Here we use the RunDAA
function from the pixelatorR
package to
perform differential abundance analysis. This function requires a
contrast_column
that specifies the column in the metadata to be used
for the comparison, a targets
character vector that indicates the
condition(s) of interest, and a reference
column that indicates the
baseline condition.
# Caculate the difference in dsb value between stimulated and resting CD8 T cells
DAA <- pg_data_combined %>%
subset(cell_type == "CD8 T cells") %>%
RunDAA(
contrast_column = "condition",
targets = "stimulated",
reference = "resting",
mean_fxn = Matrix::rowMeans
) %>%
arrange(-difference)
DAA %>% head() %>% knitr::kable()
marker | p | p_adj | difference | pct_1 | pct_2 | target | reference |
---|---|---|---|---|---|---|---|
CD38 | 0 | 0 | 1.8350568 | 0.945 | 0.689 | stimulated | resting |
CD103 | 0 | 0 | 1.5356460 | 1.000 | 0.977 | stimulated | resting |
CD366 | 0 | 0 | 1.4204115 | 0.989 | 0.826 | stimulated | resting |
CD39 | 0 | 0 | 1.0978315 | 0.732 | 0.500 | stimulated | resting |
CD71 | 0 | 0 | 1.0968033 | 1.000 | 0.803 | stimulated | resting |
CD279 | 0 | 0 | 0.9309085 | 1.000 | 0.902 | stimulated | resting |
Let’s visualize these results as a volcano plot and label the most differentially abundant proteins.
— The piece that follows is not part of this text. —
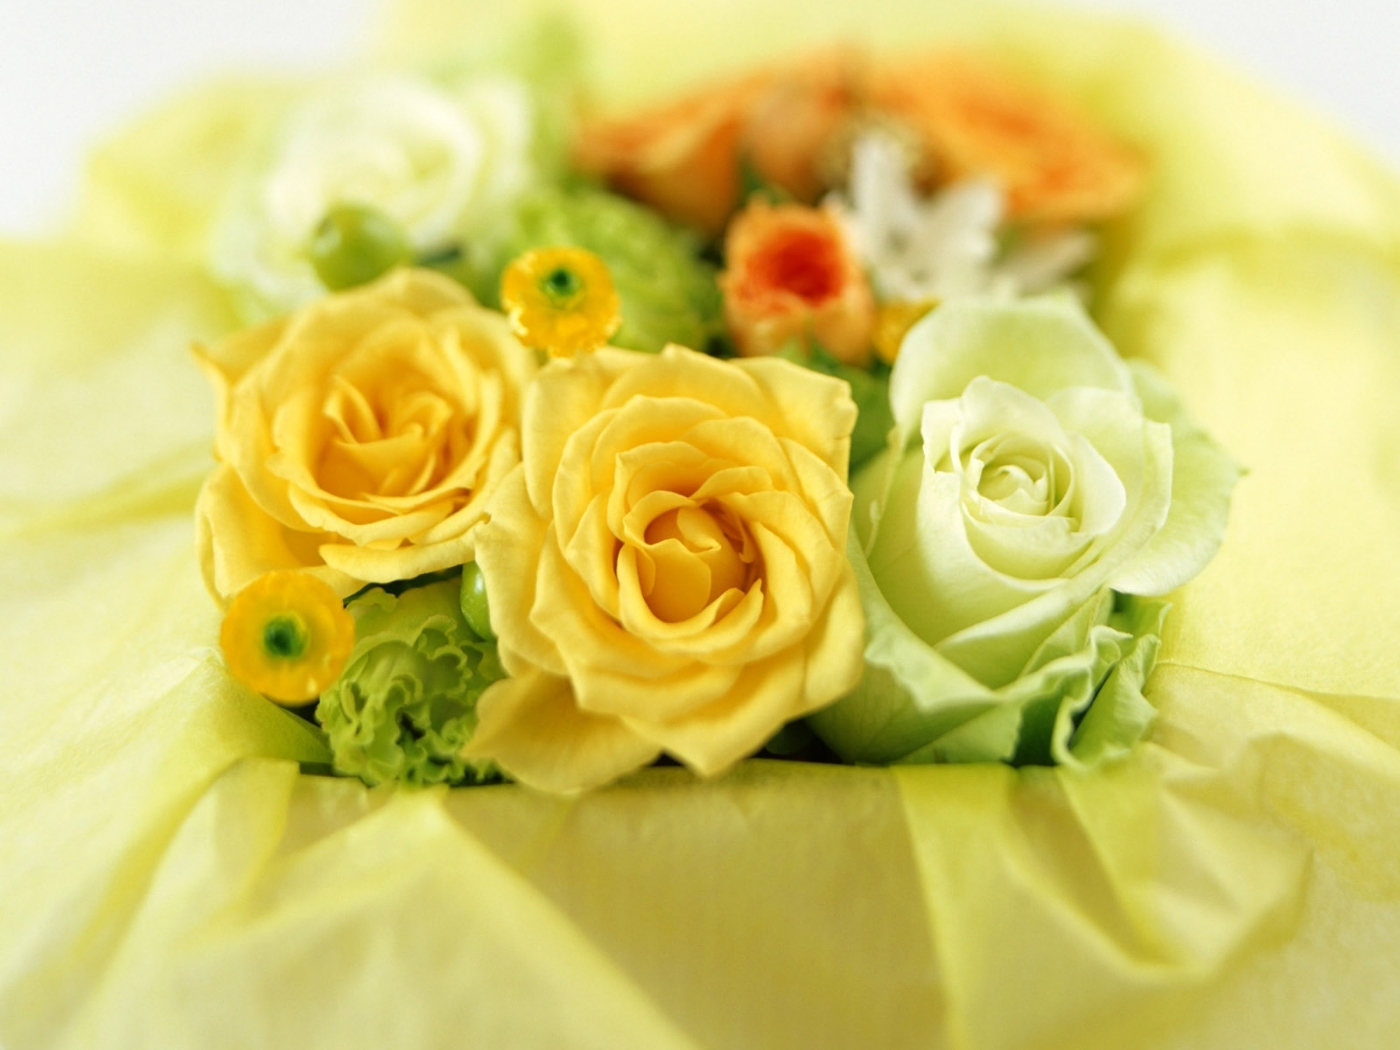 Phone Wallpaper (No watermarks) yellow, flowers, plants, roses

ggplot(DAA, aes(x = difference, y = -log10(p_adj), color = difference)) +
geom_point() +
scale_color_gradient2(low = "#0066FFFF", mid = "#74D055FF", high = "#FF0000FF", midpoint = 0) +
geom_hline(yintercept = 0) +
geom_vline(xintercept = 0) +
geom_vline(xintercept = c(-1,1), col = "grey") +
coord_cartesian(xlim = c(1.1*min(DAA$difference), 1.1*max(DAA$difference))) +
theme_bw() +
geom_text(aes(label=ifelse(abs(difference)>1,as.character(marker),'')),hjust=-0.2,vjust=0) +
theme(panel.grid.minor = element_blank(),
panel.grid.major = element_blank())
Alternatively, in a heatmap we can visualize the average normalized values in each of the four samples for the 10 most up-regulated and the 10 most down-regulated markers in PHA versus resting conditions.
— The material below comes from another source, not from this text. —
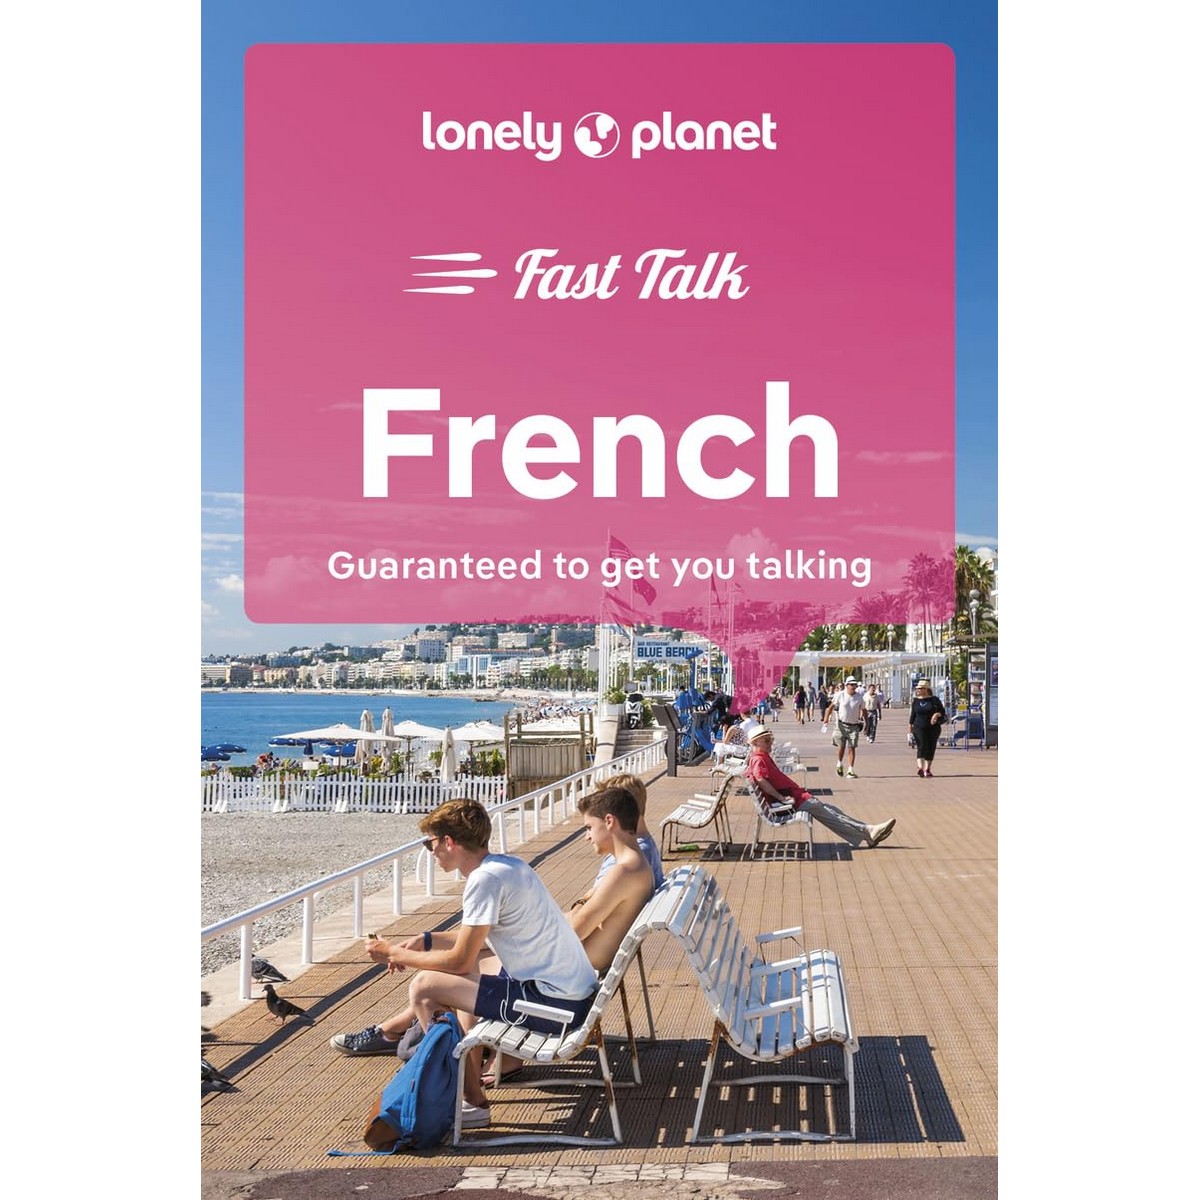 Fast　Planet　French　Talk　of　Kensington　Lonely　Peter's

# Select 14 most different markers
DA_markers <- DAA %>%
arrange(-difference) %>%
{
rbind(head(., 10), tail(., 10))
} %>%
pull(marker)
# Visualize them in a hetmap of dsb values for the two conditions
FetchData(pg_data_combined, vars = c("condition", DA_markers)) %>%
group_by(condition) %>%
summarise_all(mean) %>%
column_to_rownames("condition") %>%
t() %>%
pheatmap(cellwidth = 10,
cellheight = 10,
angle_col = 90)
This example reveals a significant increase in the abundance of CD38, CD25, CD278, and CD279 upon PHA stimulation, while KLRG1 and CD127 show a significant decrease.
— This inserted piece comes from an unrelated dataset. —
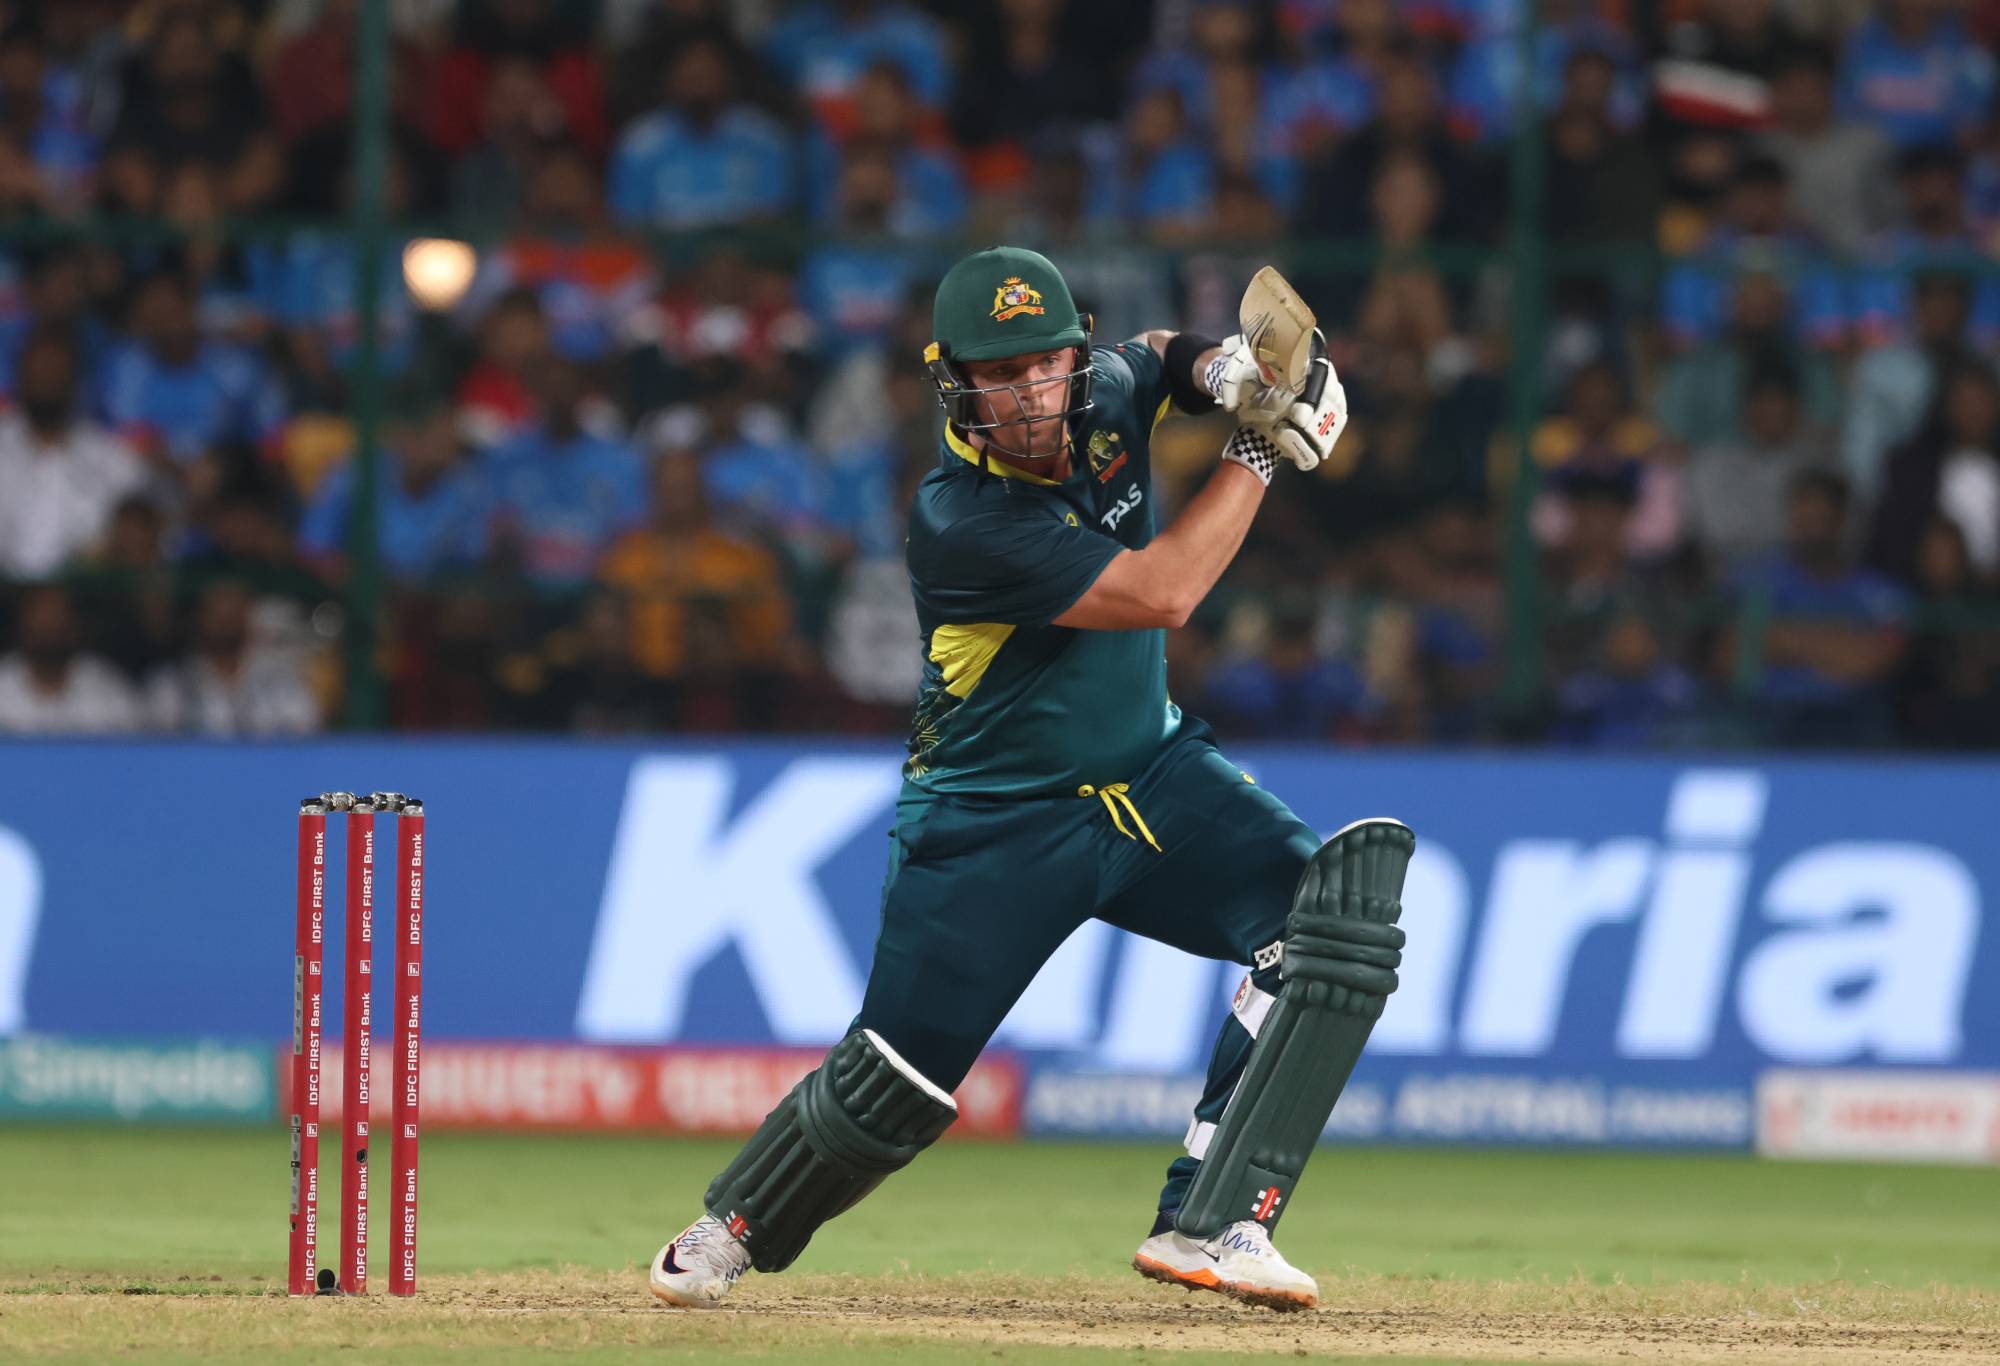 BANGALORE, INDIA - DECEMBER 3: Ben McDermott of Australia plays a shot during game five of the T20 International series between India and Australia at M. Chinnaswamy Stadium on December 3, 2023 in Bangalore, India. (Photo by Pankaj Nangia/Getty Images)

However, protein abundance is just one dimension of the rich data from PNA experiments. We are now poised to explore the spatial organization and interactions of proteins on the cell surface. The following tutorials will leverage the graph structure and spatial metrics inherent in PNA data to uncover the spatial biology of cells, examining protein clustering and colocalization patterns and their contributions to cell identity, signaling, and function.